EXERCISE DIRECTIONS:
Provide an exact copy of the lines from the beginning of the records through the line that includes "पाकिस्तानी झंडा बताया</p></div>", and of no others.

◆ ◆ ◆

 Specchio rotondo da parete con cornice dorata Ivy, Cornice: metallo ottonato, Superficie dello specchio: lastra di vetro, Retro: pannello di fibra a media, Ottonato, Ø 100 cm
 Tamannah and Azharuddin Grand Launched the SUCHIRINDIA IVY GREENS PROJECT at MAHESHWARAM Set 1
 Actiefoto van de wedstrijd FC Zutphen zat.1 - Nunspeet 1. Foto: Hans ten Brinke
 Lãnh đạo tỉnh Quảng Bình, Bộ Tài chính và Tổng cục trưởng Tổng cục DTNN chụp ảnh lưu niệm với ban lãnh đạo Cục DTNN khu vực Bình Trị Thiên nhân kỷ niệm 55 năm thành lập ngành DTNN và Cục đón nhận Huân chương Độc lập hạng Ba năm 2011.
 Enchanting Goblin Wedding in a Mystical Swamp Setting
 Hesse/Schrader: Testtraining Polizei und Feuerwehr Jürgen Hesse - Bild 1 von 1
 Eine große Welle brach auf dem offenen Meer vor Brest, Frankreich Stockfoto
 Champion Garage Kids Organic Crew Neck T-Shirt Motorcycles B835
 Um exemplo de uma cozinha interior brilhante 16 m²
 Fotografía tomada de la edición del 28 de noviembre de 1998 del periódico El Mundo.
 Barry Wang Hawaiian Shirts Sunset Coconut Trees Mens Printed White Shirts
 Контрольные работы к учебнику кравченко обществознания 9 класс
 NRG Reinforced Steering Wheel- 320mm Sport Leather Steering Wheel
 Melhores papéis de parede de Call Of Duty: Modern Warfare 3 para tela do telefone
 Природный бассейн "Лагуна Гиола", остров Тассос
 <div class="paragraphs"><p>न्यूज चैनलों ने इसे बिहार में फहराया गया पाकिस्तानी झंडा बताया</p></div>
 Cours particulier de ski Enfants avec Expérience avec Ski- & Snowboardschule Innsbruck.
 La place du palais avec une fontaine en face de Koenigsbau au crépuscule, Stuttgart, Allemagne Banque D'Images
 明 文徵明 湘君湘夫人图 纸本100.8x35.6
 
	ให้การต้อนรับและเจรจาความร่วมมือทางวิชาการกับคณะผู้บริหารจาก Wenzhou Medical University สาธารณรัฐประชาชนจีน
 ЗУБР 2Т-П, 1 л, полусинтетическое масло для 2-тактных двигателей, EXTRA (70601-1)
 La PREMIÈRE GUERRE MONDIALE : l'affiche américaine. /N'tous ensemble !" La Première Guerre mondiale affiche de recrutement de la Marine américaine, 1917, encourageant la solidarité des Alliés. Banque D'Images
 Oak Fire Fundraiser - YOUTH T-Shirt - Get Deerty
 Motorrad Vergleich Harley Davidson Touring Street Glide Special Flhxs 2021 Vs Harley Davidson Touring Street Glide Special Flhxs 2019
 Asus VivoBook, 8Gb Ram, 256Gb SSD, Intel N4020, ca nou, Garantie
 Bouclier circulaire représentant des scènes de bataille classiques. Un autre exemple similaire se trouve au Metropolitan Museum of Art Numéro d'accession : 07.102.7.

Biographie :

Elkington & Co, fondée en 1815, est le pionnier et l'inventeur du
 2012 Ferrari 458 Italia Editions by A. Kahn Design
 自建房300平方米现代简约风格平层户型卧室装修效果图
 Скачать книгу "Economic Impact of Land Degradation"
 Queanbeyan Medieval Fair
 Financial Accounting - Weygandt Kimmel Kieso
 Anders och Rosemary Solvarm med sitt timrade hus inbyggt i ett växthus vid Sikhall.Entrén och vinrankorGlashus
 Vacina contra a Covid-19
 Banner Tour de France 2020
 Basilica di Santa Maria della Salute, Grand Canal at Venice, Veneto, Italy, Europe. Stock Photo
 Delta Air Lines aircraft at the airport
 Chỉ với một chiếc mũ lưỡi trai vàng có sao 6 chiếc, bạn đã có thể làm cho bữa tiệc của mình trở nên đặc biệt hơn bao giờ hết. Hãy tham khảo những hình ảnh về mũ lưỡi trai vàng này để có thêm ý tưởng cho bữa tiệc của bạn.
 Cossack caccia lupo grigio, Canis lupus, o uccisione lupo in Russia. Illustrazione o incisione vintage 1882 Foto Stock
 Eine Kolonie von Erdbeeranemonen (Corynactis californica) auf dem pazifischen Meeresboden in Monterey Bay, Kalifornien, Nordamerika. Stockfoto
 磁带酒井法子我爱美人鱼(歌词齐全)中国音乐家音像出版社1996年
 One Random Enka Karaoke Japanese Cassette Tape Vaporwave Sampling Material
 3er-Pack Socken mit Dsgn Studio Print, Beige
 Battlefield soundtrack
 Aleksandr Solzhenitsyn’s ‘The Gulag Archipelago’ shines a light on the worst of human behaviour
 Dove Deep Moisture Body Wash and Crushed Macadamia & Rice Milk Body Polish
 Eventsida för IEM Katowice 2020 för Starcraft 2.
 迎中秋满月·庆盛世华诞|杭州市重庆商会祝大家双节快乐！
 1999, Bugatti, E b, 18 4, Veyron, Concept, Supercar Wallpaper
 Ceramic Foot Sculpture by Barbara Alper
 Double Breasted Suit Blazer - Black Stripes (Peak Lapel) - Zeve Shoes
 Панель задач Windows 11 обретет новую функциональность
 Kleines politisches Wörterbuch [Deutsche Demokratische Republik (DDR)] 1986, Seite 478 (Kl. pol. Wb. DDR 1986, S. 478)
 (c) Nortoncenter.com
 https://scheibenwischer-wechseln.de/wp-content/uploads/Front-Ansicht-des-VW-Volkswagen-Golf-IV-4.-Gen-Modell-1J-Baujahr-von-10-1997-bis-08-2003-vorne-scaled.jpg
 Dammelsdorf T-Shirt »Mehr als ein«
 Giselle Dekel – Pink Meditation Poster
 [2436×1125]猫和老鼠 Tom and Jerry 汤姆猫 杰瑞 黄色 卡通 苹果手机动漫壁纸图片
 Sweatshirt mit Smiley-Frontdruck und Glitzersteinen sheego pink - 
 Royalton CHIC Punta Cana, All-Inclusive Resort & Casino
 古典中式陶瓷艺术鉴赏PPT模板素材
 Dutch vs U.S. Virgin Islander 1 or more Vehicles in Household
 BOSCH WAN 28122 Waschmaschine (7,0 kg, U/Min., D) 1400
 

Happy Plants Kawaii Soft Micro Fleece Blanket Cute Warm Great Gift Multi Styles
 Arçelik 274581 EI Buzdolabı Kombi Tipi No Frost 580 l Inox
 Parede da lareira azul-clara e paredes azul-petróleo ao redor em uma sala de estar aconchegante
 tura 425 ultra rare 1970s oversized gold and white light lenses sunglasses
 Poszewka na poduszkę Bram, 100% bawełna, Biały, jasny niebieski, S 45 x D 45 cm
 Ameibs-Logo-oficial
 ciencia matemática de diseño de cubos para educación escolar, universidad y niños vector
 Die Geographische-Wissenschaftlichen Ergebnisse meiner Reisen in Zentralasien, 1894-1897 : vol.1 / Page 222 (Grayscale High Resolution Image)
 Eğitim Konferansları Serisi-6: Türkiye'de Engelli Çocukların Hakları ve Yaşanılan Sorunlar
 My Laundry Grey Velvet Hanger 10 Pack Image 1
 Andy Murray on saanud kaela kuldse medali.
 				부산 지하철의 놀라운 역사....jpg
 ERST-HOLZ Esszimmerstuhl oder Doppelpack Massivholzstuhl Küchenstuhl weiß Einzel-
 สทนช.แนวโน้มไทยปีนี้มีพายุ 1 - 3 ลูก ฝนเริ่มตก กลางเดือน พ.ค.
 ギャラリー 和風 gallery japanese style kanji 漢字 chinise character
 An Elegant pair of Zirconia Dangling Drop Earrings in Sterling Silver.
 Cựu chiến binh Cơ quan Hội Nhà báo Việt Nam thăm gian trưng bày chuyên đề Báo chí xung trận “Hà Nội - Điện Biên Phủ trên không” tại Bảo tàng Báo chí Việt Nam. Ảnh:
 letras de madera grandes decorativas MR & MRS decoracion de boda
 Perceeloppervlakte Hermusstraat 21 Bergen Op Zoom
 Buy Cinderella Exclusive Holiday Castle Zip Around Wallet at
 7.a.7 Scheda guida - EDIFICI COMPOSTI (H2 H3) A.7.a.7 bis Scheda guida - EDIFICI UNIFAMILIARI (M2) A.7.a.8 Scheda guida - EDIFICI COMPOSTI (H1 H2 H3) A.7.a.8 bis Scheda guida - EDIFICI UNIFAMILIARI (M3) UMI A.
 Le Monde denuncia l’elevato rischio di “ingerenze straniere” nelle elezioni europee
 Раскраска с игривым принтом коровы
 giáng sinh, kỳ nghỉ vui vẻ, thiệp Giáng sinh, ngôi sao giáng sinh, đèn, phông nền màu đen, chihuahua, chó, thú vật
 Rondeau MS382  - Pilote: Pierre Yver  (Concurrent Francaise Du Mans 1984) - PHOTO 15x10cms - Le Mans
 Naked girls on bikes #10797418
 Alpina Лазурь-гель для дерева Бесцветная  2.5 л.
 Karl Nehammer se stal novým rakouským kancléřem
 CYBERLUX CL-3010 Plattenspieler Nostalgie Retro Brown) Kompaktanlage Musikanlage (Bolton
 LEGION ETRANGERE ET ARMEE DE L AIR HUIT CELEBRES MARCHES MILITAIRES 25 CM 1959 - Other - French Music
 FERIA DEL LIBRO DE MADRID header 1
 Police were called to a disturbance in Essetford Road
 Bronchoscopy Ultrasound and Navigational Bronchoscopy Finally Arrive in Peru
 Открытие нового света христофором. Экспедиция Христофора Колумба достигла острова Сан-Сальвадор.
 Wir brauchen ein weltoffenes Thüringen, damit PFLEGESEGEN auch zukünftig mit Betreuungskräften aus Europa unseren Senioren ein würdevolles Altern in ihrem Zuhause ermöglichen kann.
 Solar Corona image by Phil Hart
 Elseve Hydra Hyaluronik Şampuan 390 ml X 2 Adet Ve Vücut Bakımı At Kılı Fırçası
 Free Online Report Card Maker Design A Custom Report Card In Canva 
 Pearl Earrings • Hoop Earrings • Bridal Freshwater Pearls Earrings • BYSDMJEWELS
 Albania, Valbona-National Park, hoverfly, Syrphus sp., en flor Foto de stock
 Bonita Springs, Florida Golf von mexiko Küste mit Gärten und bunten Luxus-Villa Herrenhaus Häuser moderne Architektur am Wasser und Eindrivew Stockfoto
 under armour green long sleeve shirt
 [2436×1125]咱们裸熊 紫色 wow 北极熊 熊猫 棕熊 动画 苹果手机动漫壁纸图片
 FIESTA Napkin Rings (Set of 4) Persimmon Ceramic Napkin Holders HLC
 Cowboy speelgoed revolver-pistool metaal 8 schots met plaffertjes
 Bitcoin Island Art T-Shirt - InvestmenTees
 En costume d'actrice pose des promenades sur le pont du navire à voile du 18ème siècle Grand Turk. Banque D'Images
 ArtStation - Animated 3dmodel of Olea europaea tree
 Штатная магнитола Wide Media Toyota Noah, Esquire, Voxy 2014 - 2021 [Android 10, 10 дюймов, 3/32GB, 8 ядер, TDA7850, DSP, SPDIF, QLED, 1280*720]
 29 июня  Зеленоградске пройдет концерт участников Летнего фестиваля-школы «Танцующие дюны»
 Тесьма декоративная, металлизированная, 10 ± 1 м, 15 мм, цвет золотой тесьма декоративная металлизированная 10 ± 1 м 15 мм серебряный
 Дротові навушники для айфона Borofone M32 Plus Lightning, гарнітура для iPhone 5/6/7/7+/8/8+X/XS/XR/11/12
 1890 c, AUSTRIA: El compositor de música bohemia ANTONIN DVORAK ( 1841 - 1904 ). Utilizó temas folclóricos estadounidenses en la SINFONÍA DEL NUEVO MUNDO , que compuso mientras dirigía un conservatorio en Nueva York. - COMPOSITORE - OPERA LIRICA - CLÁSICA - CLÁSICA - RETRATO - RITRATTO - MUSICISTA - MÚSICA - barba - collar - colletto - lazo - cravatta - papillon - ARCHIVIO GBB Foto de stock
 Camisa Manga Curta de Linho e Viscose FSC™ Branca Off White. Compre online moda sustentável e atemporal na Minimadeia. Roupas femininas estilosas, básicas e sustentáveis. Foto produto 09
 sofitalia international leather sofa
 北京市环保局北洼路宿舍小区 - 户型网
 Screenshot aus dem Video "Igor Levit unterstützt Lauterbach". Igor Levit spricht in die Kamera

◆ ◆ ◆

ANSWER SPACE:
 Specchio rotondo da parete con cornice dorata Ivy, Cornice: metallo ottonato, Superficie dello specchio: lastra di vetro, Retro: pannello di fibra a media, Ottonato, Ø 100 cm
 Tamannah and Azharuddin Grand Launched the SUCHIRINDIA IVY GREENS PROJECT at MAHESHWARAM Set 1
 Actiefoto van de wedstrijd FC Zutphen zat.1 - Nunspeet 1. Foto: Hans ten Brinke
 Lãnh đạo tỉnh Quảng Bình, Bộ Tài chính và Tổng cục trưởng Tổng cục DTNN chụp ảnh lưu niệm với ban lãnh đạo Cục DTNN khu vực Bình Trị Thiên nhân kỷ niệm 55 năm thành lập ngành DTNN và Cục đón nhận Huân chương Độc lập hạng Ba năm 2011.
 Enchanting Goblin Wedding in a Mystical Swamp Setting
 Hesse/Schrader: Testtraining Polizei und Feuerwehr Jürgen Hesse - Bild 1 von 1
 Eine große Welle brach auf dem offenen Meer vor Brest, Frankreich Stockfoto
 Champion Garage Kids Organic Crew Neck T-Shirt Motorcycles B835
 Um exemplo de uma cozinha interior brilhante 16 m²
 Fotografía tomada de la edición del 28 de noviembre de 1998 del periódico El Mundo.
 Barry Wang Hawaiian Shirts Sunset Coconut Trees Mens Printed White Shirts
 Контрольные работы к учебнику кравченко обществознания 9 класс
 NRG Reinforced Steering Wheel- 320mm Sport Leather Steering Wheel
 Melhores papéis de parede de Call Of Duty: Modern Warfare 3 para tela do telefone
 Природный бассейн "Лагуна Гиола", остров Тассос
 <div class="paragraphs"><p>न्यूज चैनलों ने इसे बिहार में फहराया गया पाकिस्तानी झंडा बताया</p></div>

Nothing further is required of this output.